On top of everything else is the added fear many have around going to the hospital if they have an allergic reaction. Katie Klein, 23, and her sister are quarantining together at their family home near Detroit; between the two of them, they are allergic to tree nuts, apples, peanuts, sesame, shellfish, kiwi, and peaches. “My family is being extra cautious with all food, whether it be from the grocery store or carry-out from a restaurant due to the heightened fear of having to go to the hospital amidst a pandemic,” says Klein.
Finding workarounds for shortages
While this is an incredibly taxing situation, there are a few ways people with food allergies can feel realigned when it comes to food. In the tech space, companies like Freshly deliver a predetermined number of meals each week that specifically define any allergens. Then there’s Savorfull, an online shop that filters products by a customer’s unique dietary and allergy needs, to help making searching for products easier.
Looking at reliable sites that tell you which brands are safe for your allergy is another great option—such as the Celiac Disease Foundation and Go Dairy Free. Or better yet, order directly from your trusted brands online when possible. “If you have an allergy friendly brand and like a few of their products, I would recommend going online and ordering in bulk since you know it is a safe food that you enjoy and can be directly delivered to your home,” says Kahn.
If you strike out at your go-to supermarket and online, Gregory recommends thinking small and seeing if any farmer’s markets or food co-ops are in your area. From experience, these tend to be very allergy-friendly.

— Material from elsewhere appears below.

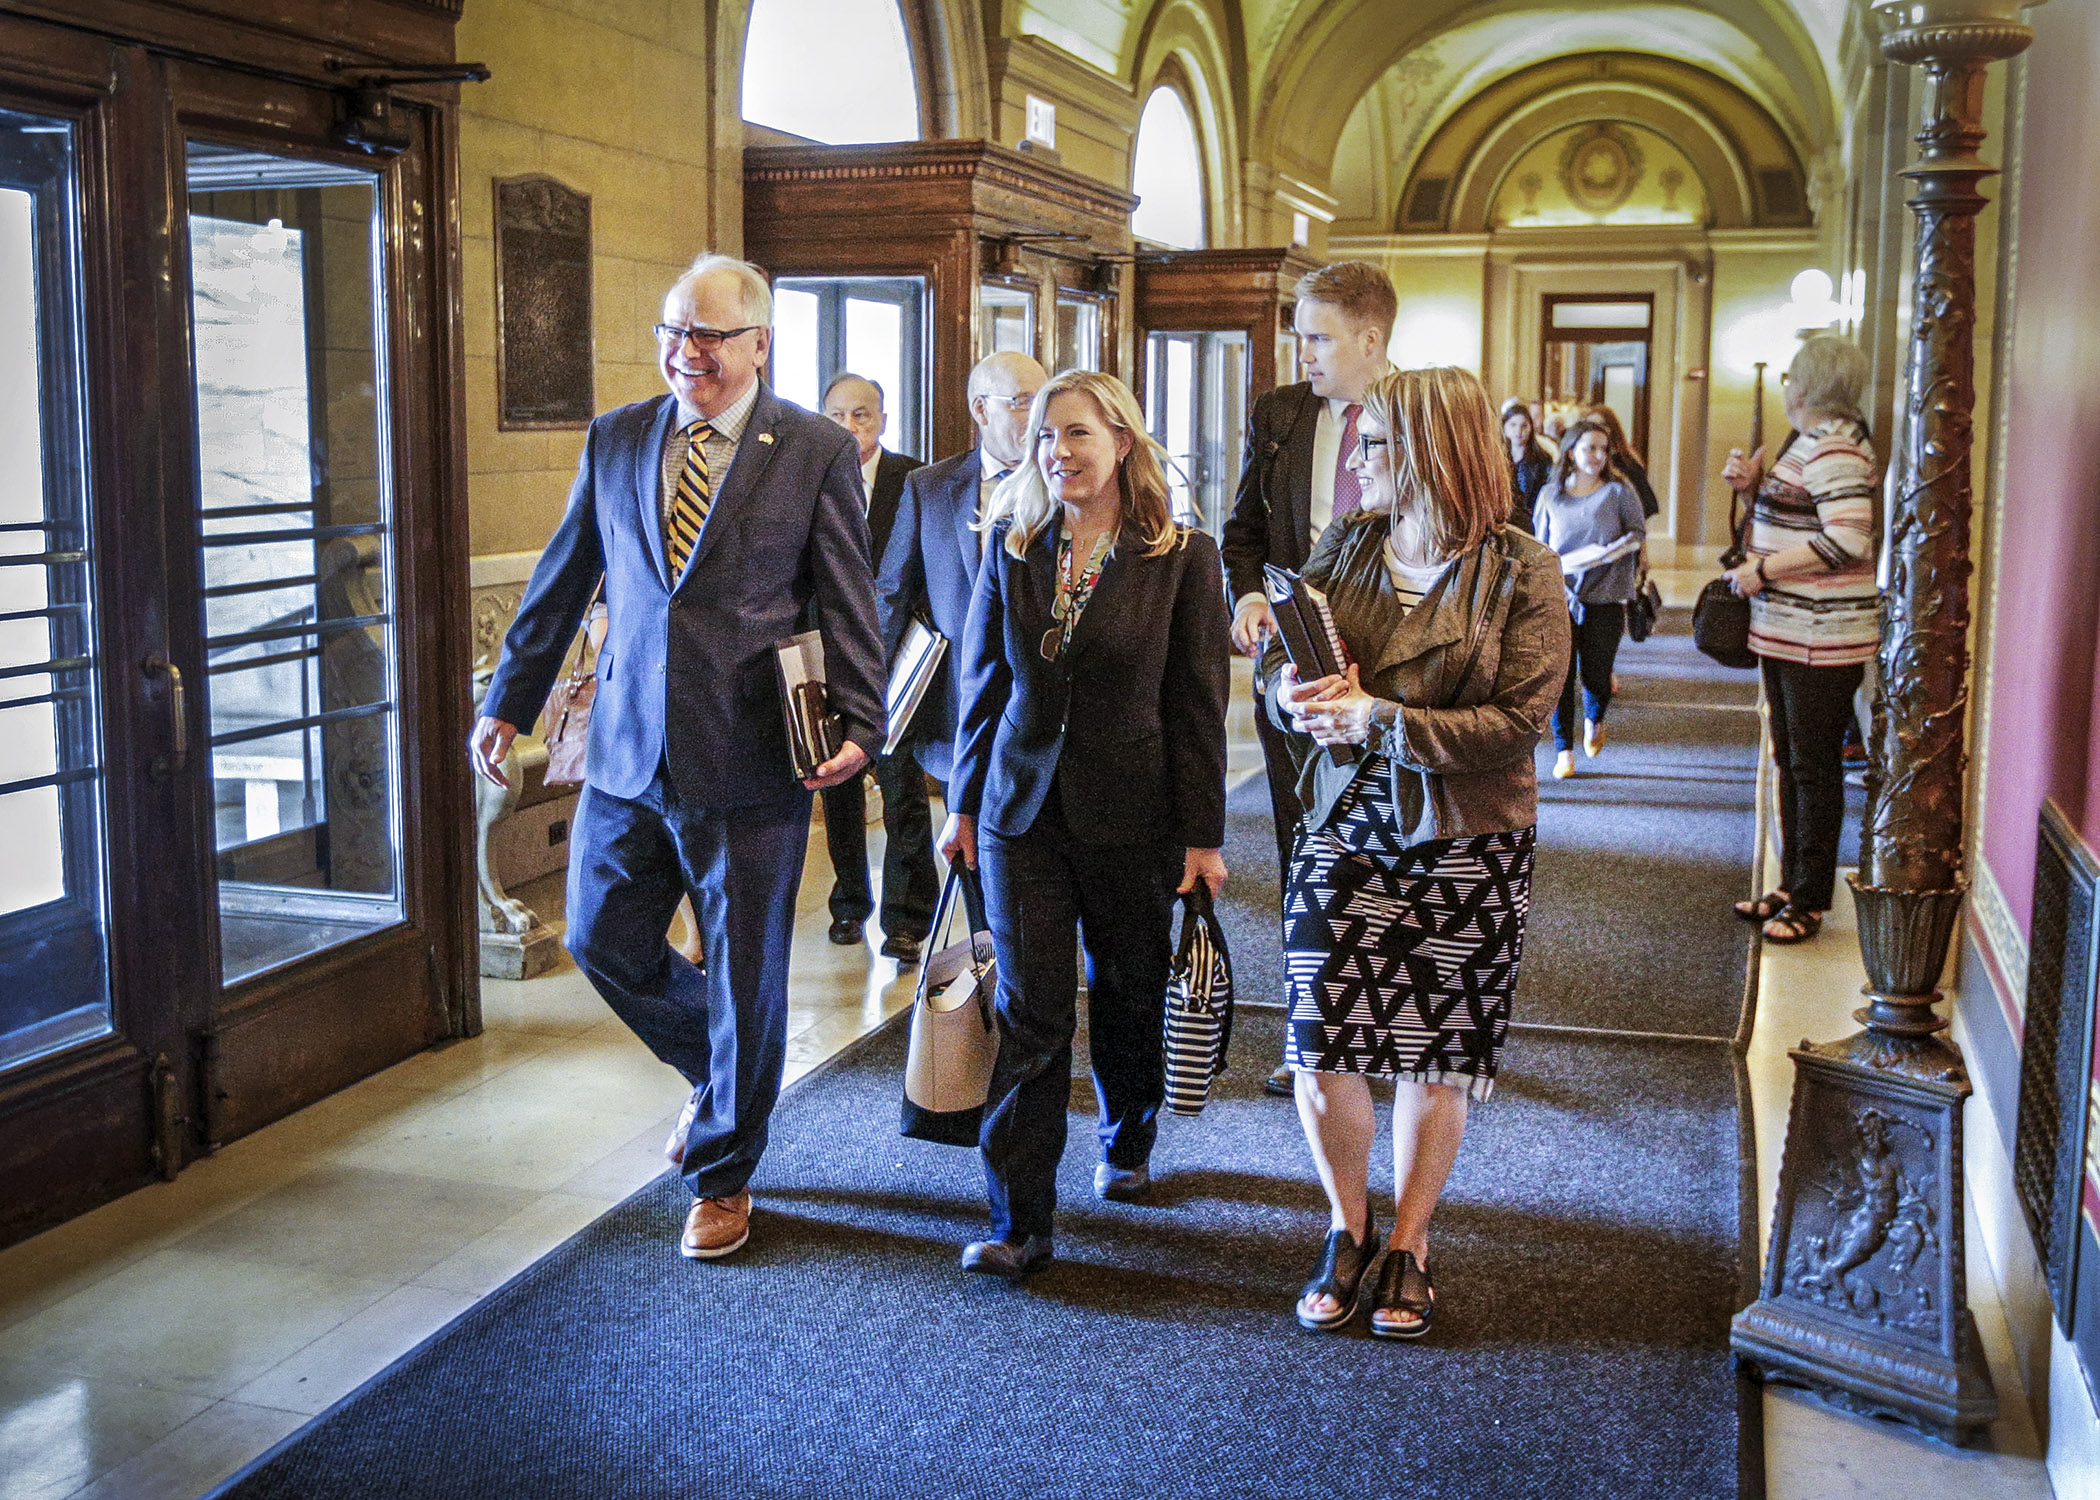 Gov. Tim Walz, House Speaker Melissa Hortman and Lt. Gov. Peggy Flanagan stride past the front doors of the Capitol en route to Tuesday afternoon’s budget negotiations with Senate Majority Leader Paul Gazelka and others. Photo by Paul Battaglia

As for maintaining a balanced diet even with these increased limitations, “try to get a wide array of fruits and vegetables,” suggests Kahn. “Find alternatives to your favorite foods so that you are not missing key food groups. For example, if you have celiac disease and cannot find any gluten free bread or pasta in the store, try to add in gluten free grains that are made in a wide abundance like rice and quinoa to include in your diet.”
If you regularly bought allergy-friendly products before the pandemic but don’t need to, seriously consider leaving these specialized products on the shelf. “Buying these products is okay, because maybe it increases popularity, and more people recommend that a story would carry it, so when things are somewhat back to ‘normal,’ there would be more in-stock,” says Eric Katzman, 41, who has children allergic to everything from peanuts and tree nuts to avocado and sesame. “But take into consideration that this may be the only safe option for some people, and maybe, leave the one last box on the shelf.”
Nothing is normal right now, and the world is full of fear, but, for people with severe food restrictions, navigating these shortages, staying safe, and maintaining a healthy diet is another hurdle that must be faced.